▸ **Exercise instructions**:
Images aside, the whole listing should be written out word for word.

▸ **Data provided**:
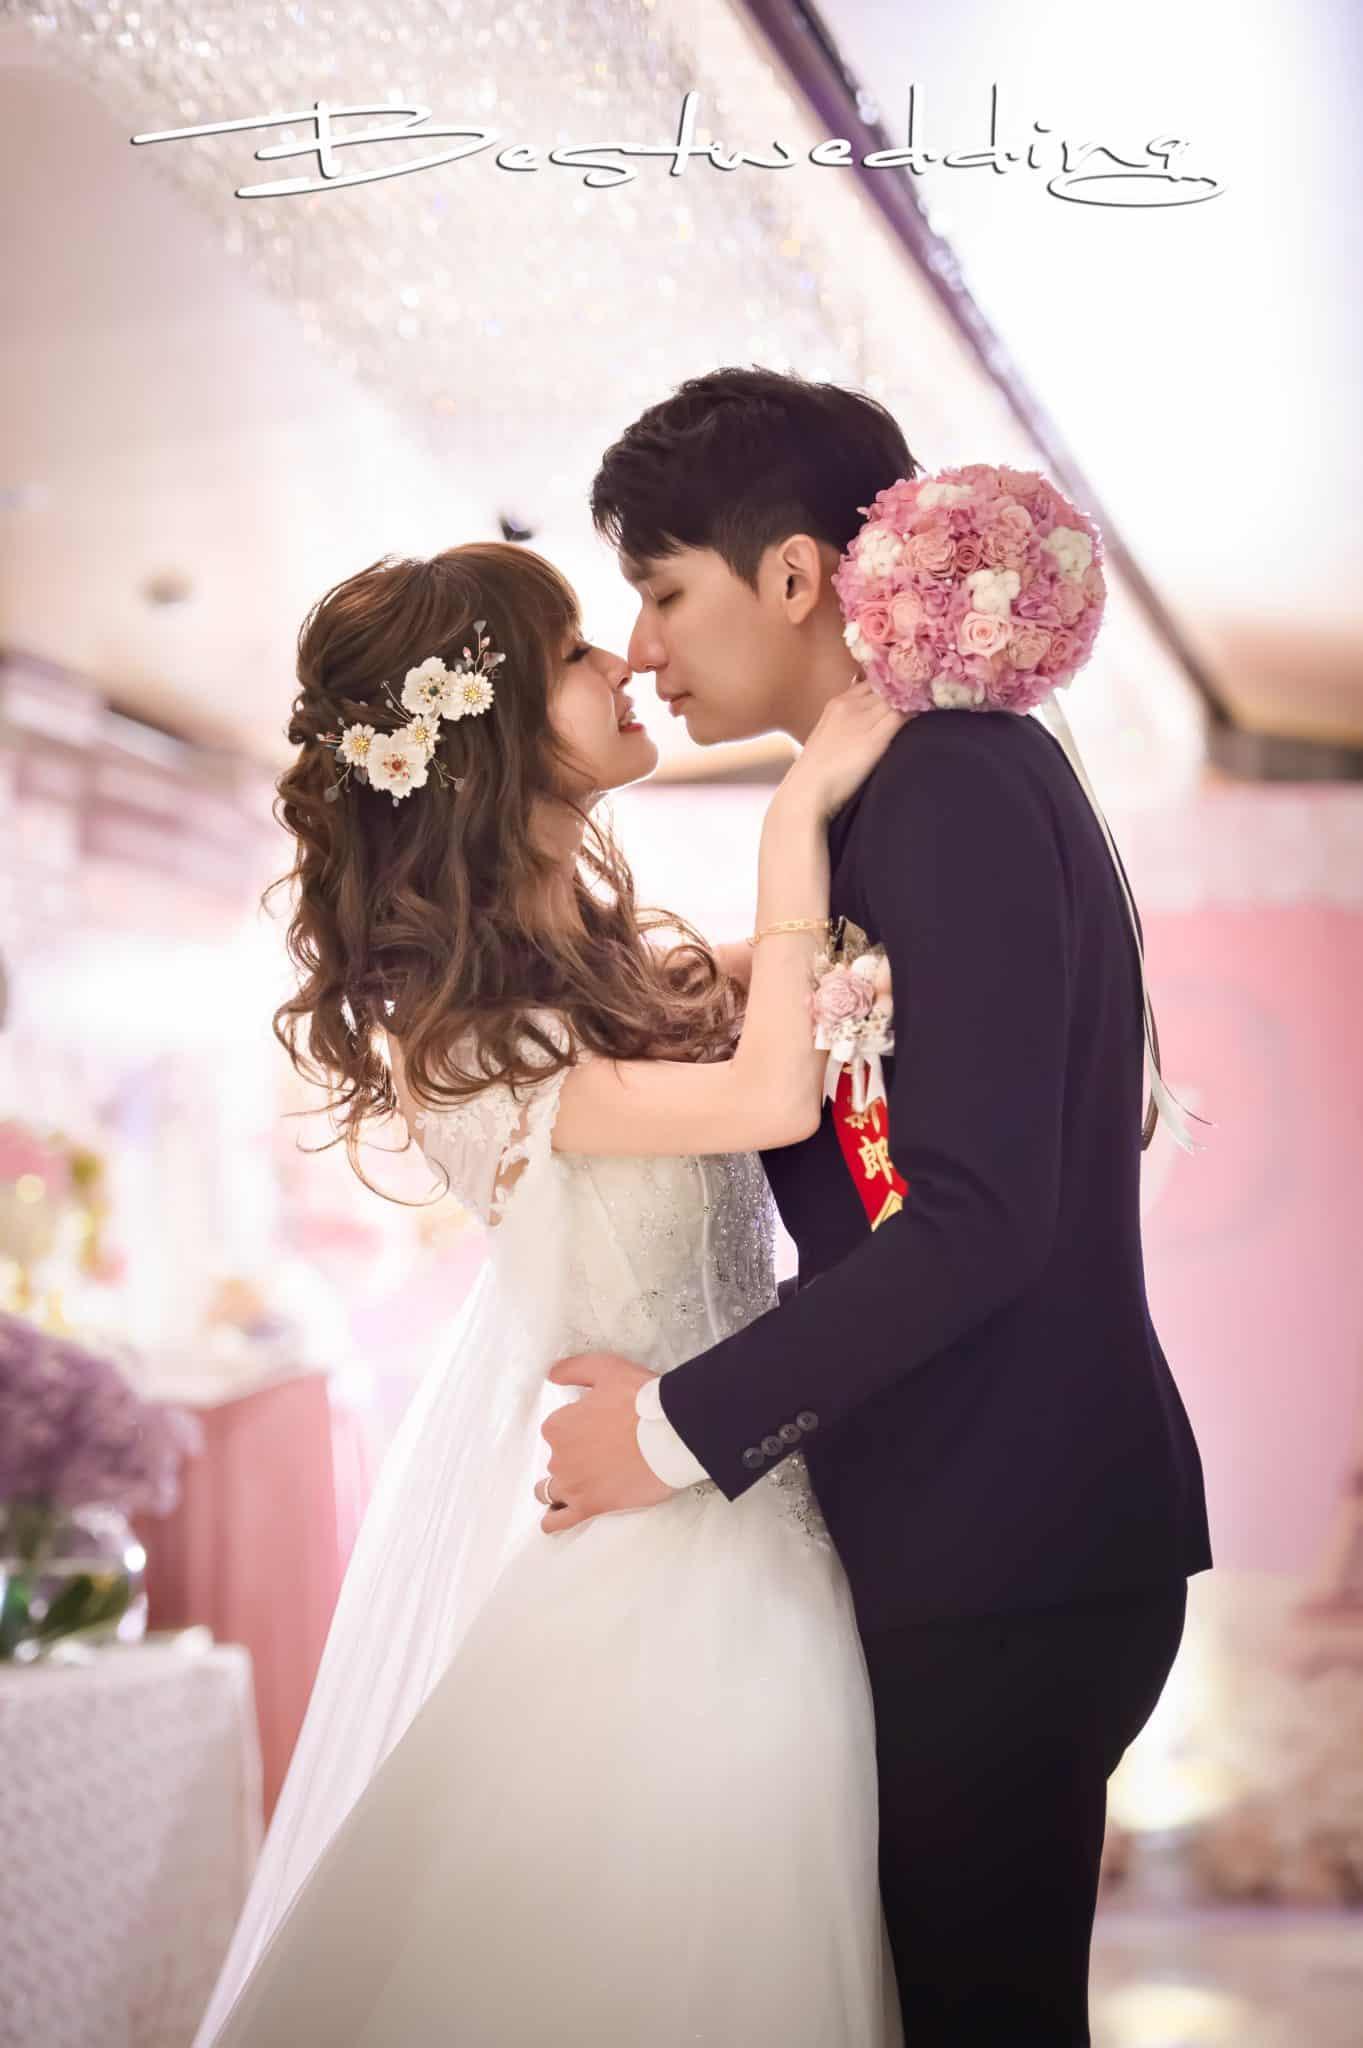 【婚攝優哥】宗恩 ♥ 恩緹 - 台北亞都麗緻大飯店 The Landis Taipei Hotel
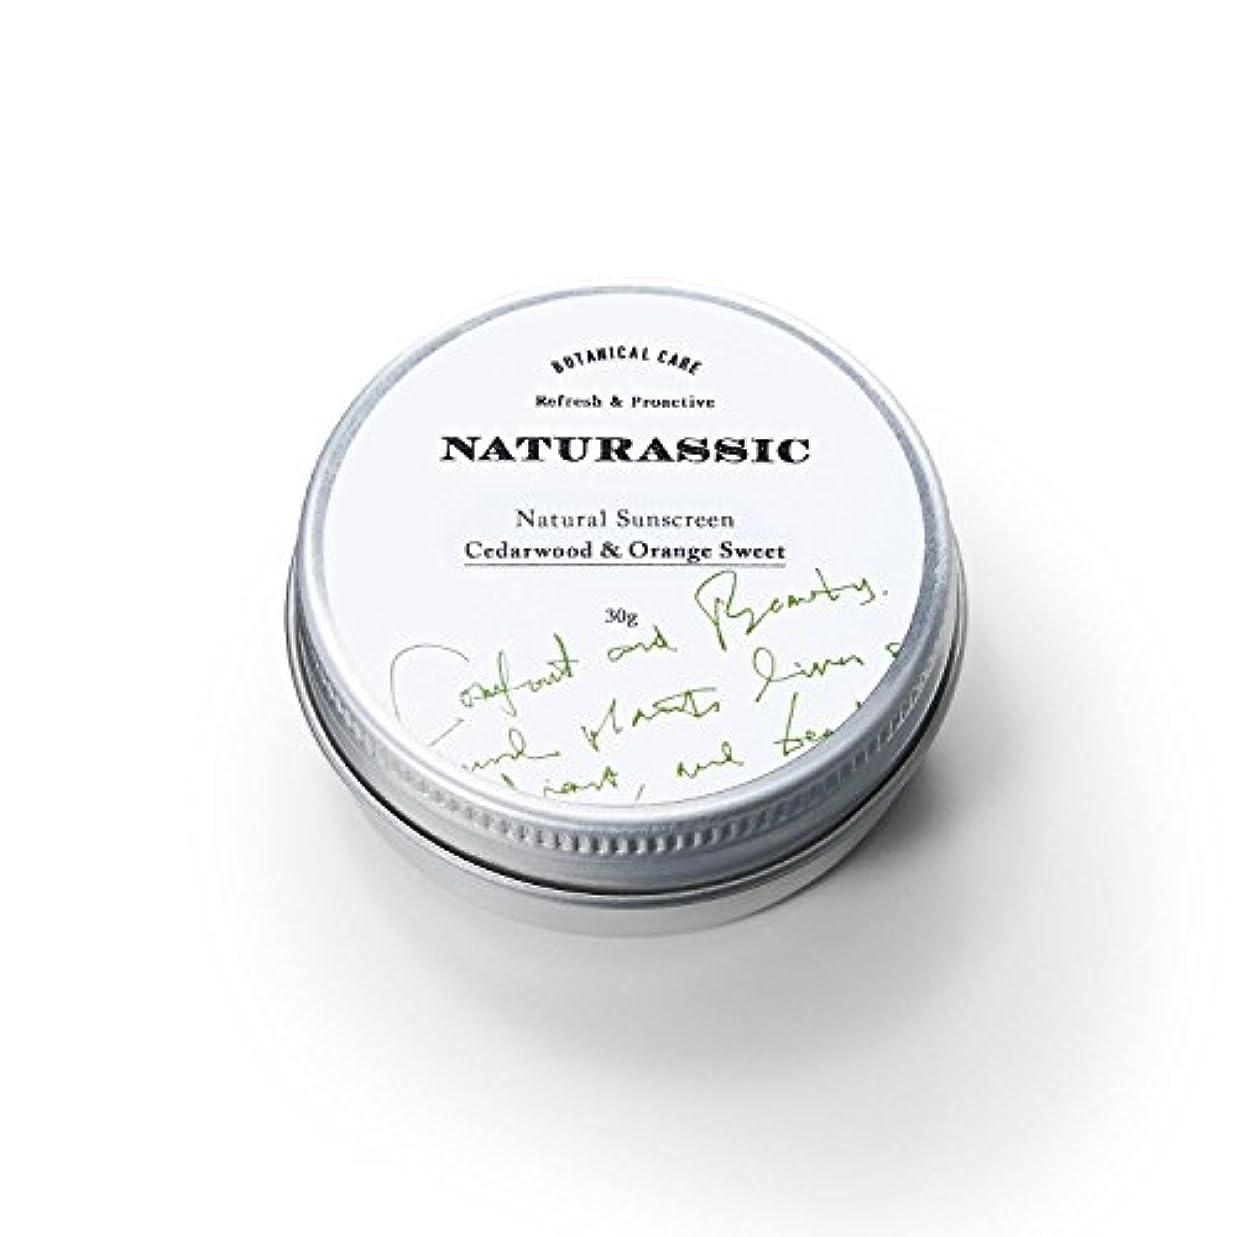 クローゼットアルミニウム印をつけるナチュラシック ナチュラルサンスクリーンCO シダーウッド&オレンジスイートの香り 30g [天然由来成分100%]
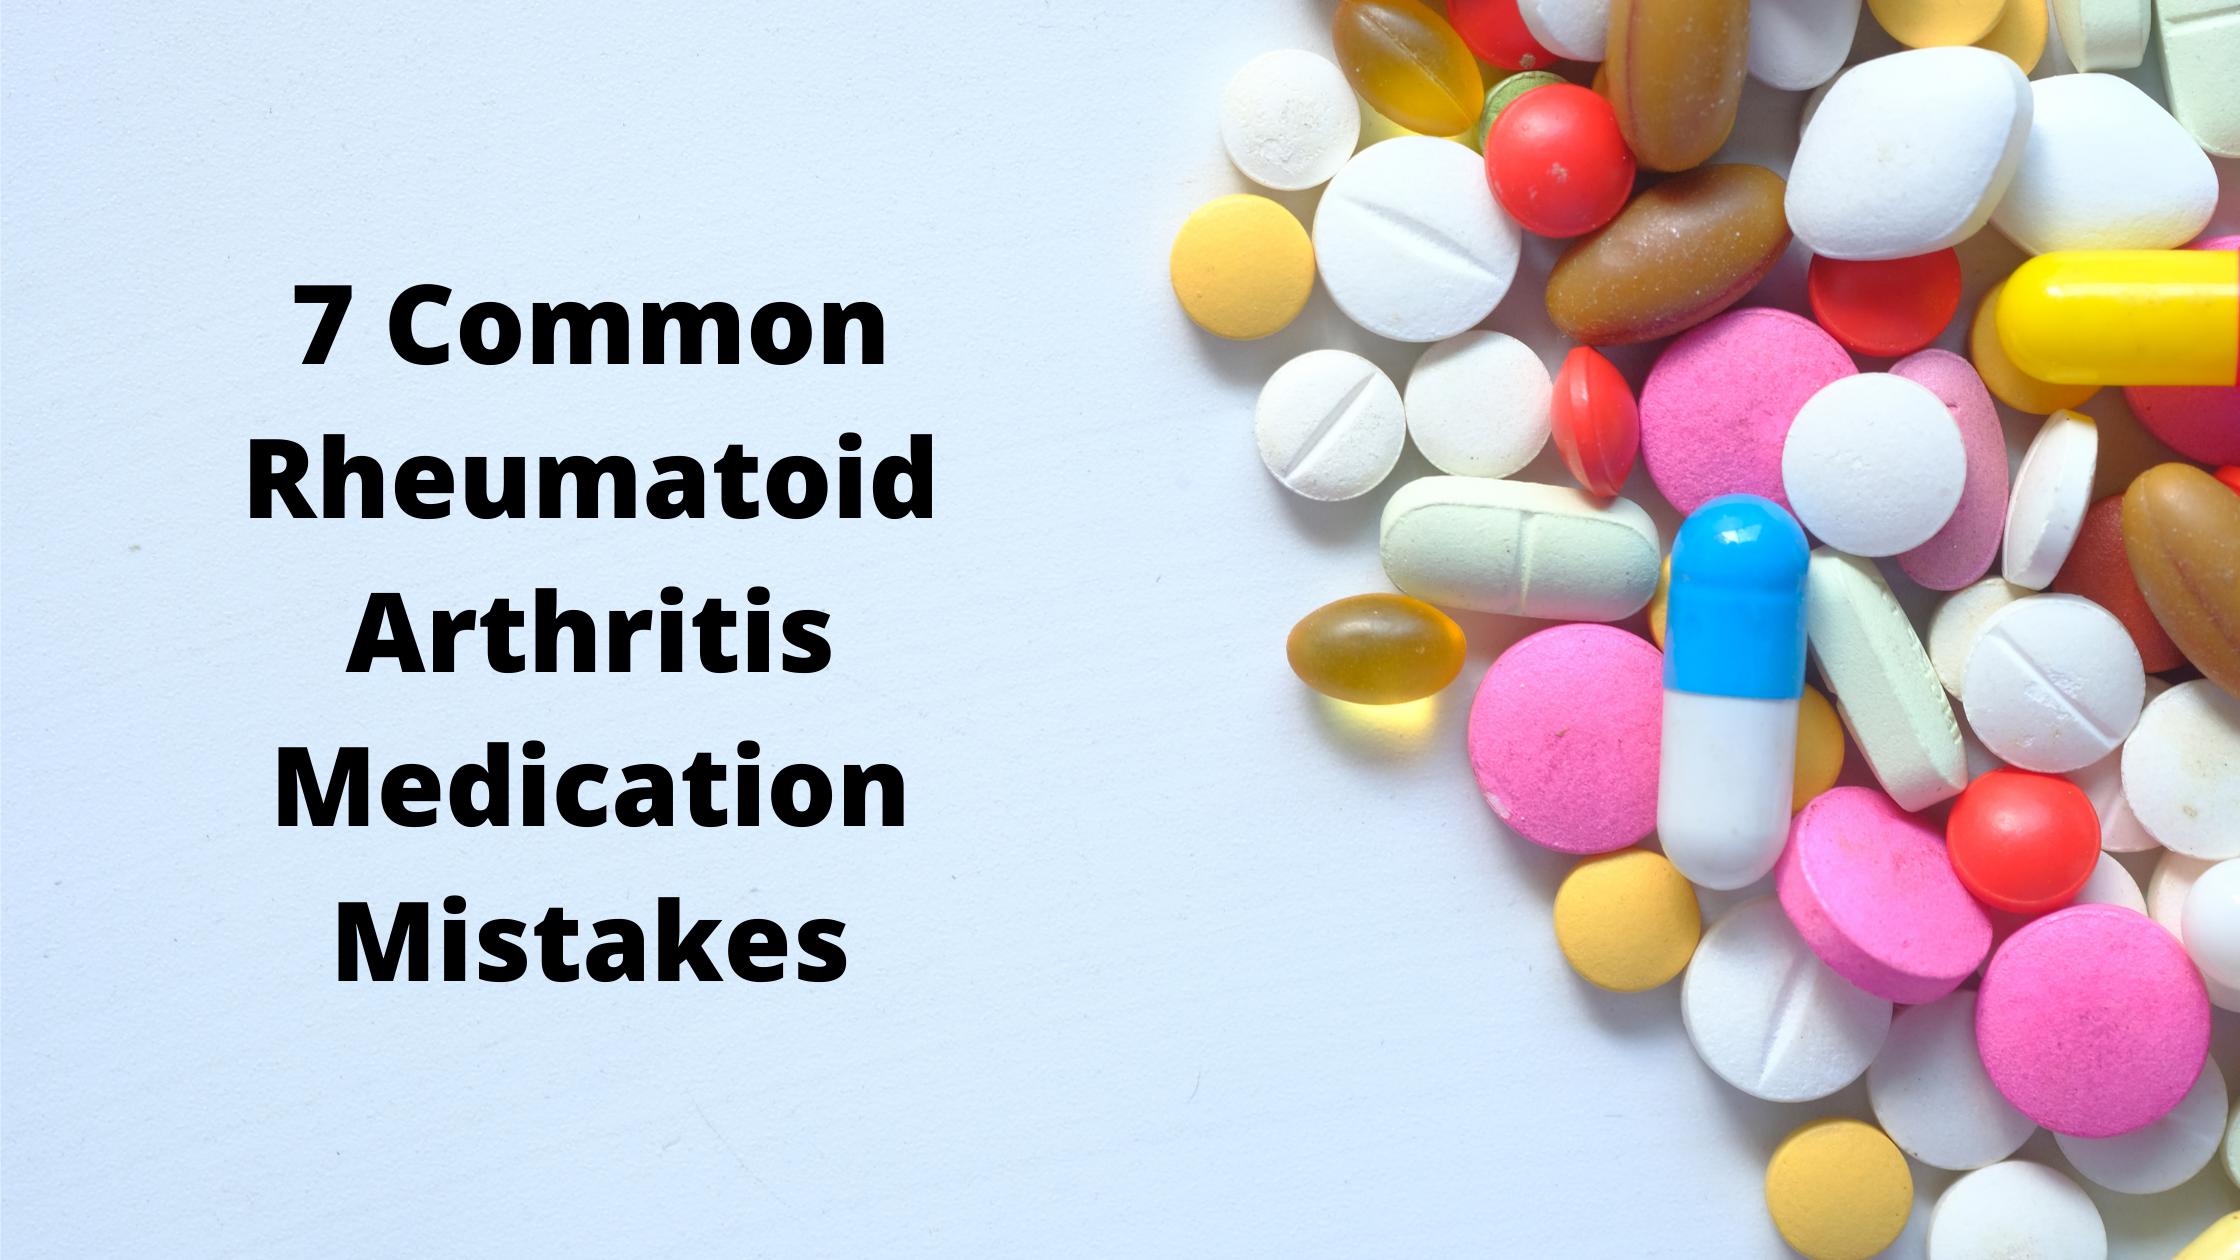 7 Common Rheumatoid Arthritis Medication Mistakes
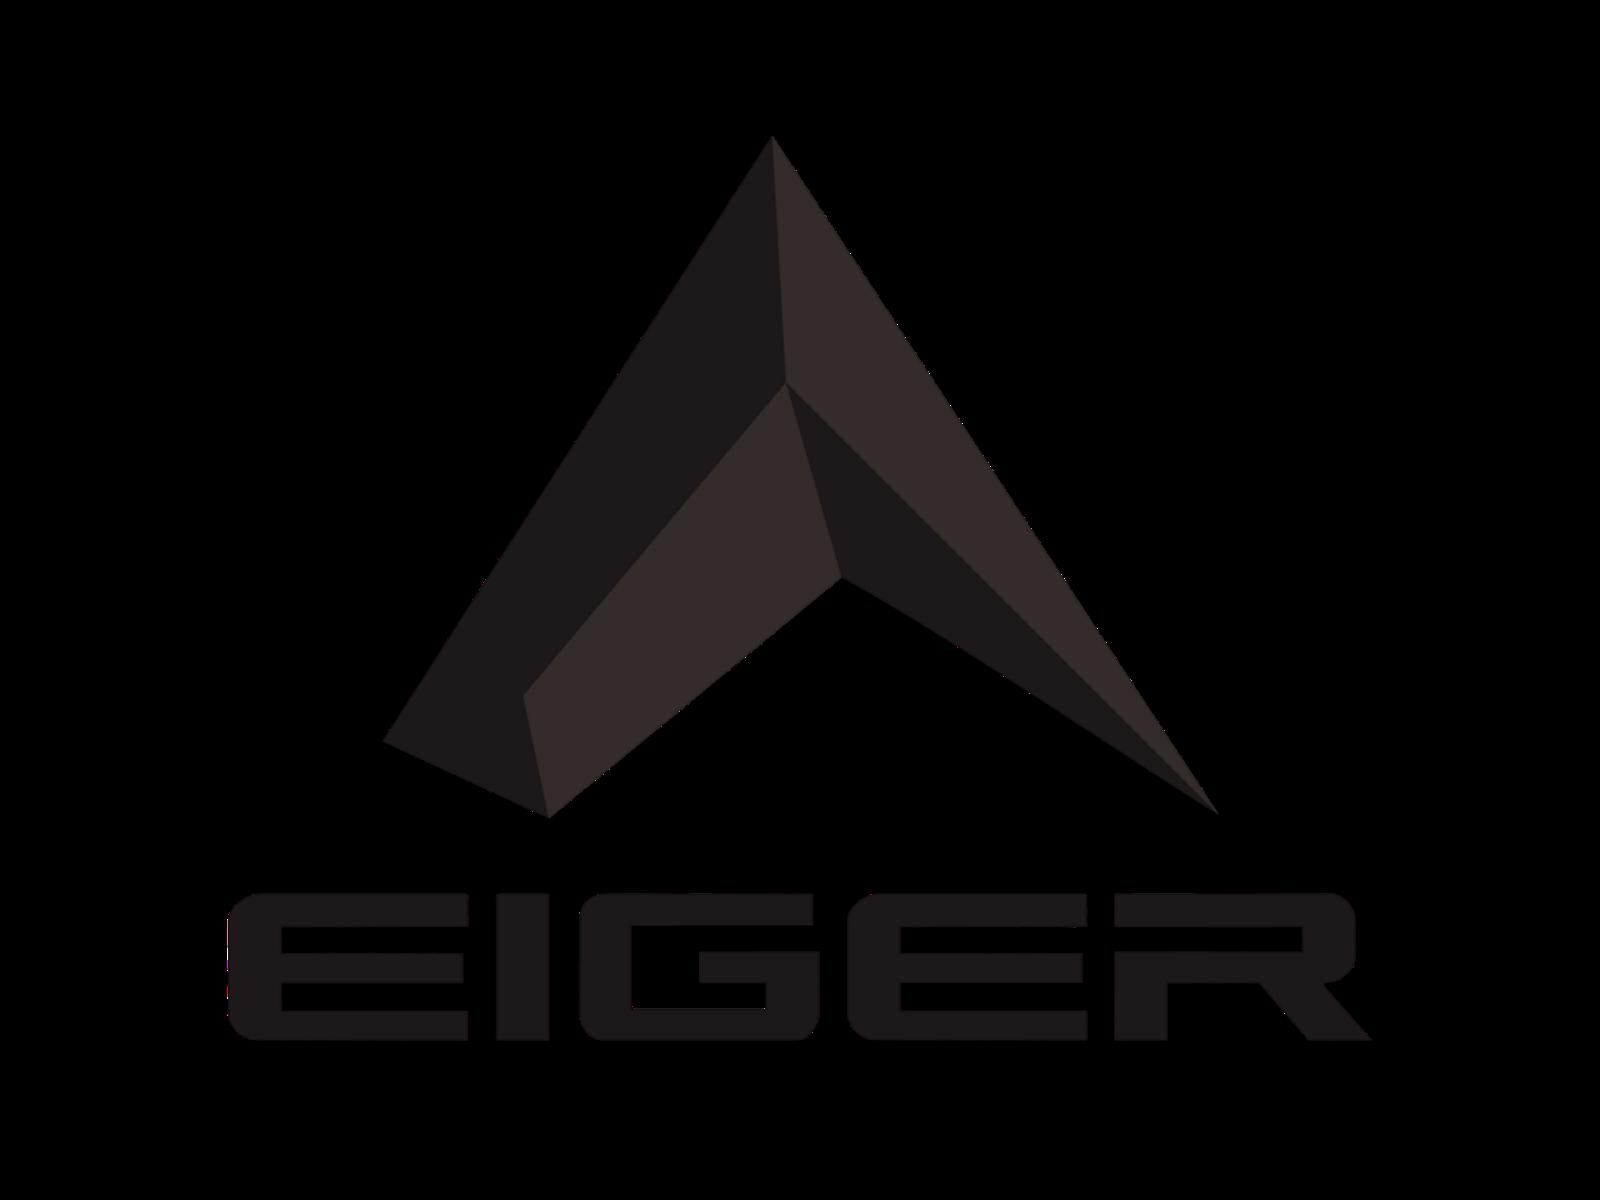 Logo Eiger Format PNG

▸ **Exercise output**:
 【婚攝優哥】宗恩 ♥ 恩緹 - 台北亞都麗緻大飯店 The Landis Taipei Hotel
 クローゼットアルミニウム印をつけるナチュラシック ナチュラルサンスクリーンCO シダーウッド&オレンジスイートの香り 30g [天然由来成分100%]
 7 Common Rheumatoid Arthritis Medication Mistakes
 Logo Eiger Format PNG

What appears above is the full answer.